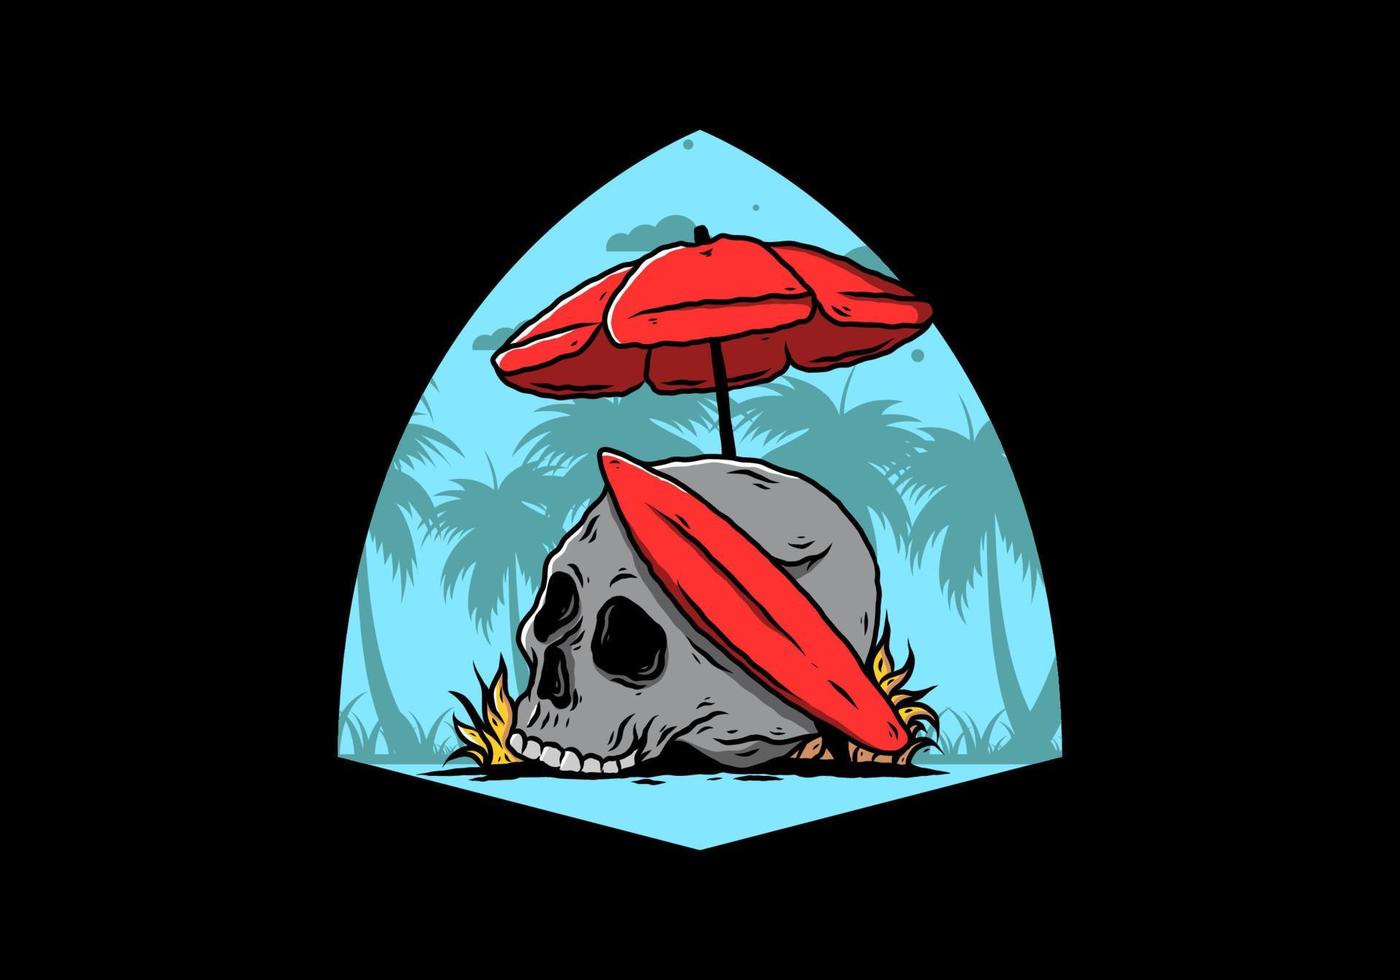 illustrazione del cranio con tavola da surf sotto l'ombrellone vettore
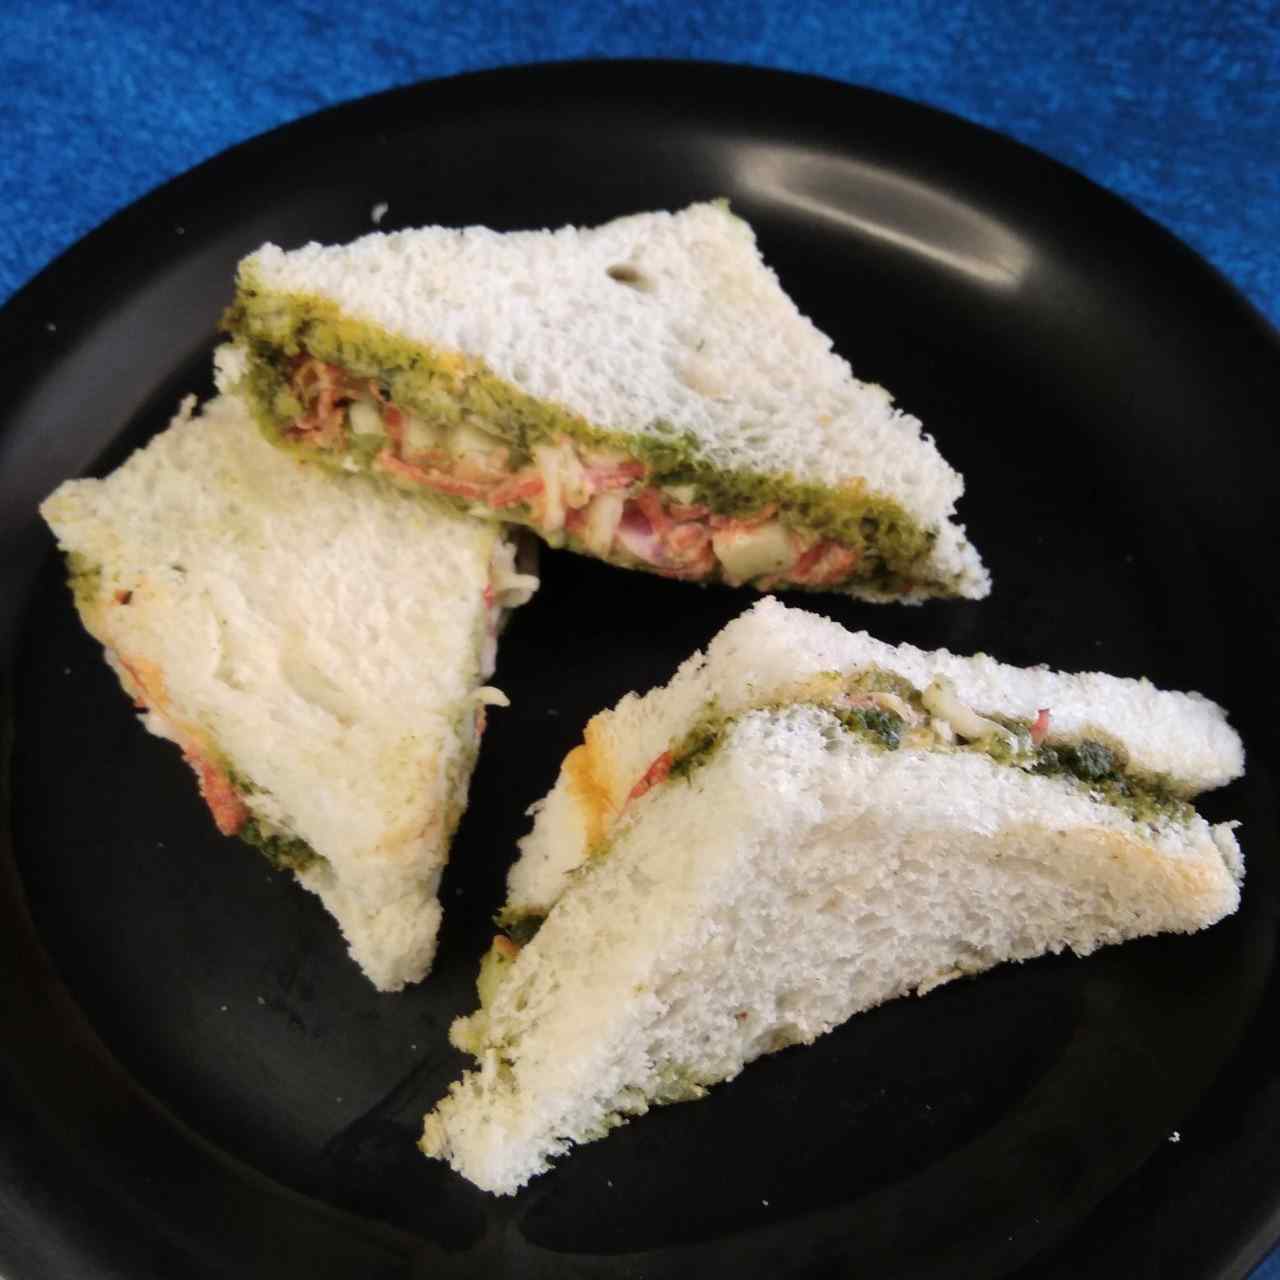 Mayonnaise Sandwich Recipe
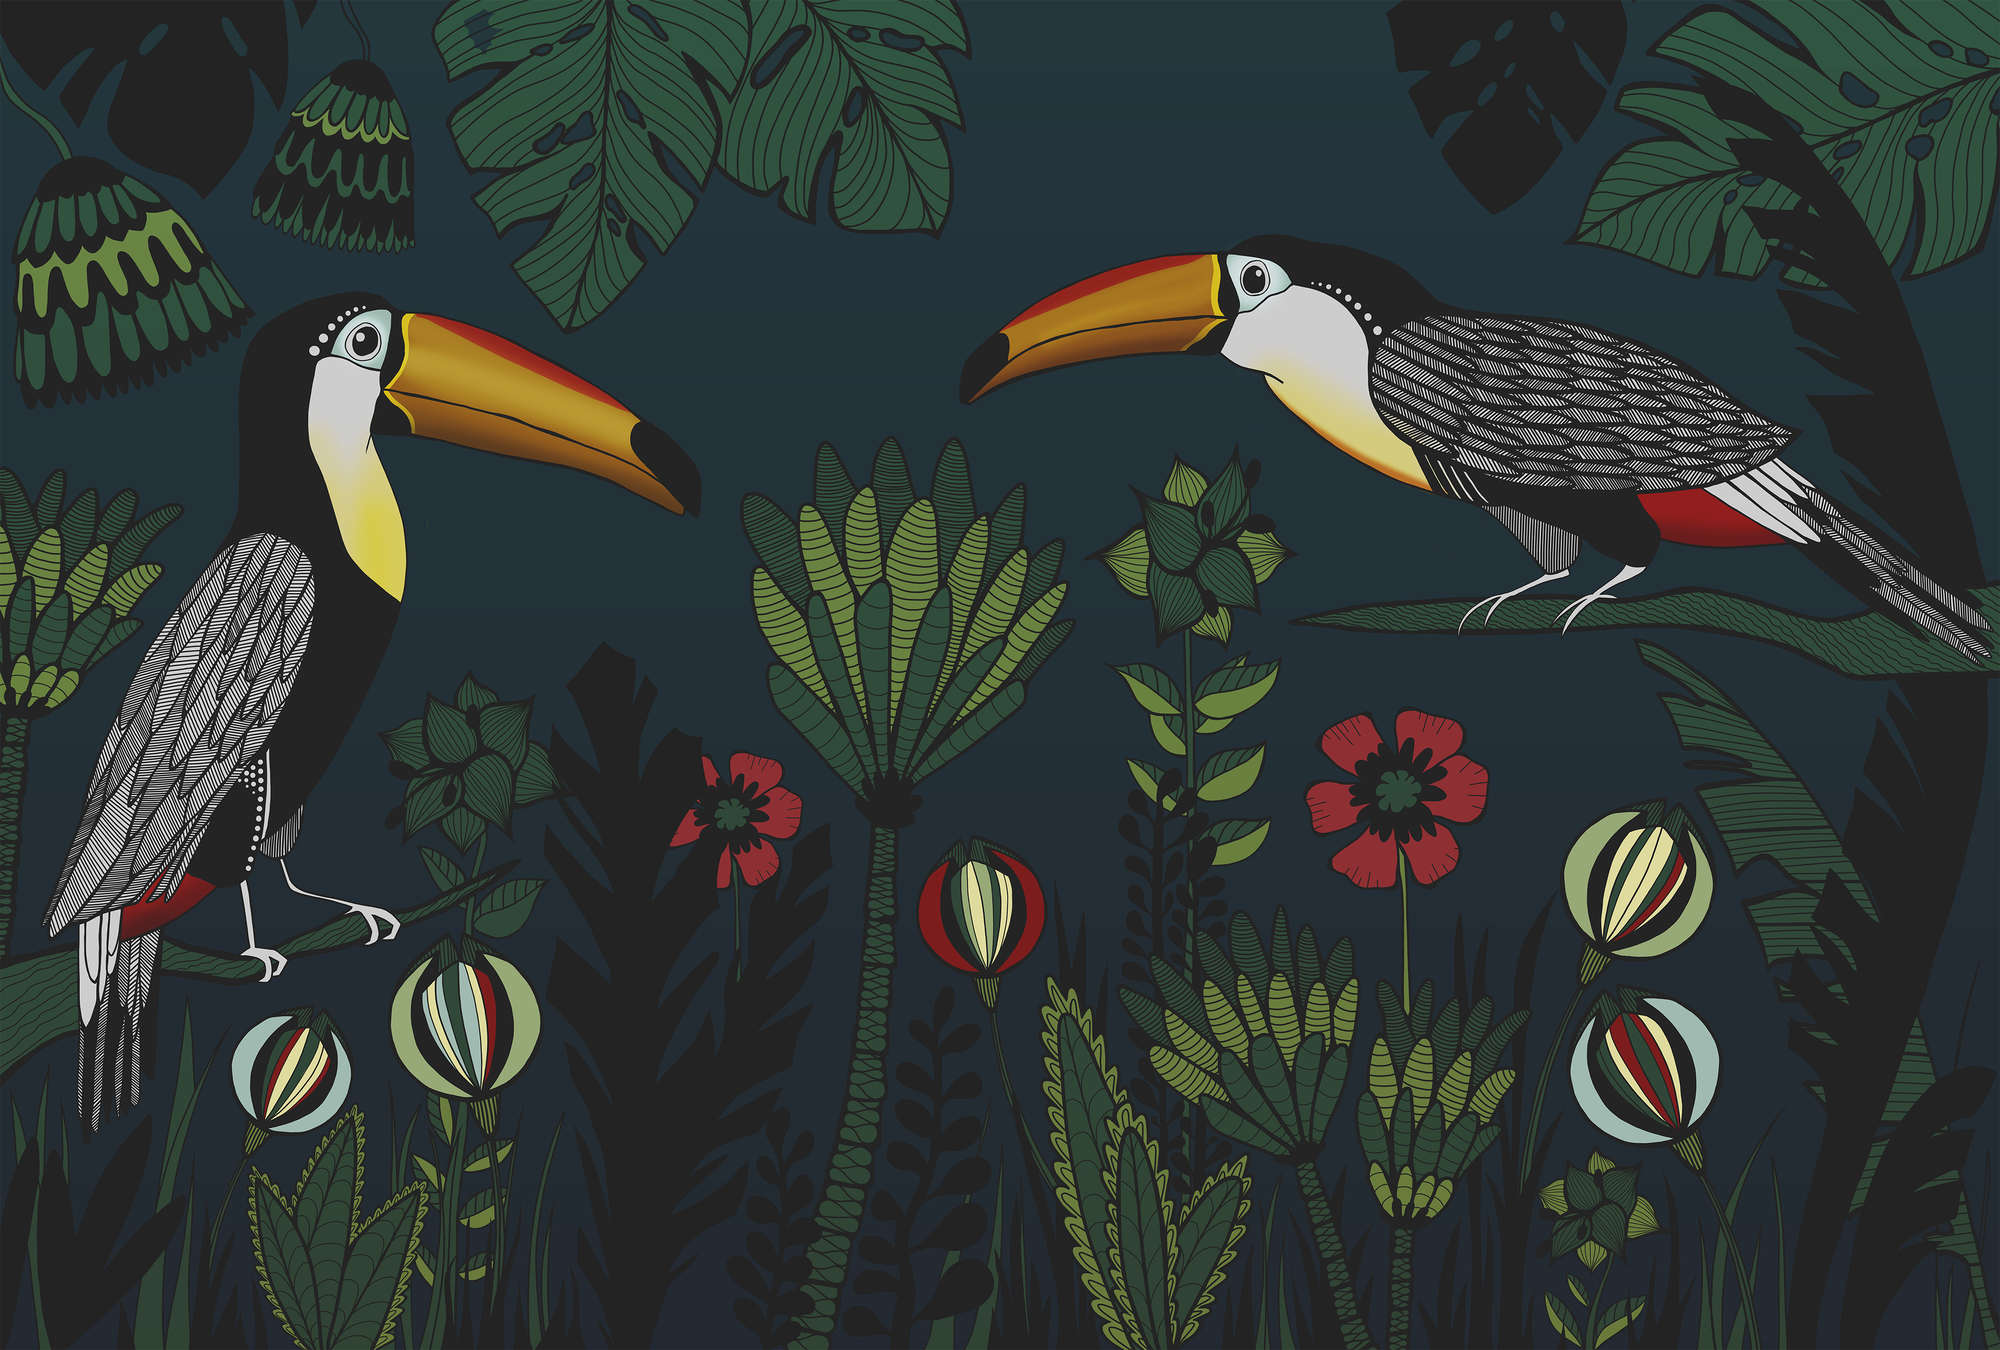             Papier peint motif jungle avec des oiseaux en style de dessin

## [What you will do]
Pictures are to be left out; the rest of the listing should be printed exactly.

## [Result of this exercise]
 illustrazione del cranio con tavola da surf sotto l'ombrellone vettore
 Mayonnaise Sandwich Recipe
             Papier peint motif jungle avec des oiseaux en style de dessin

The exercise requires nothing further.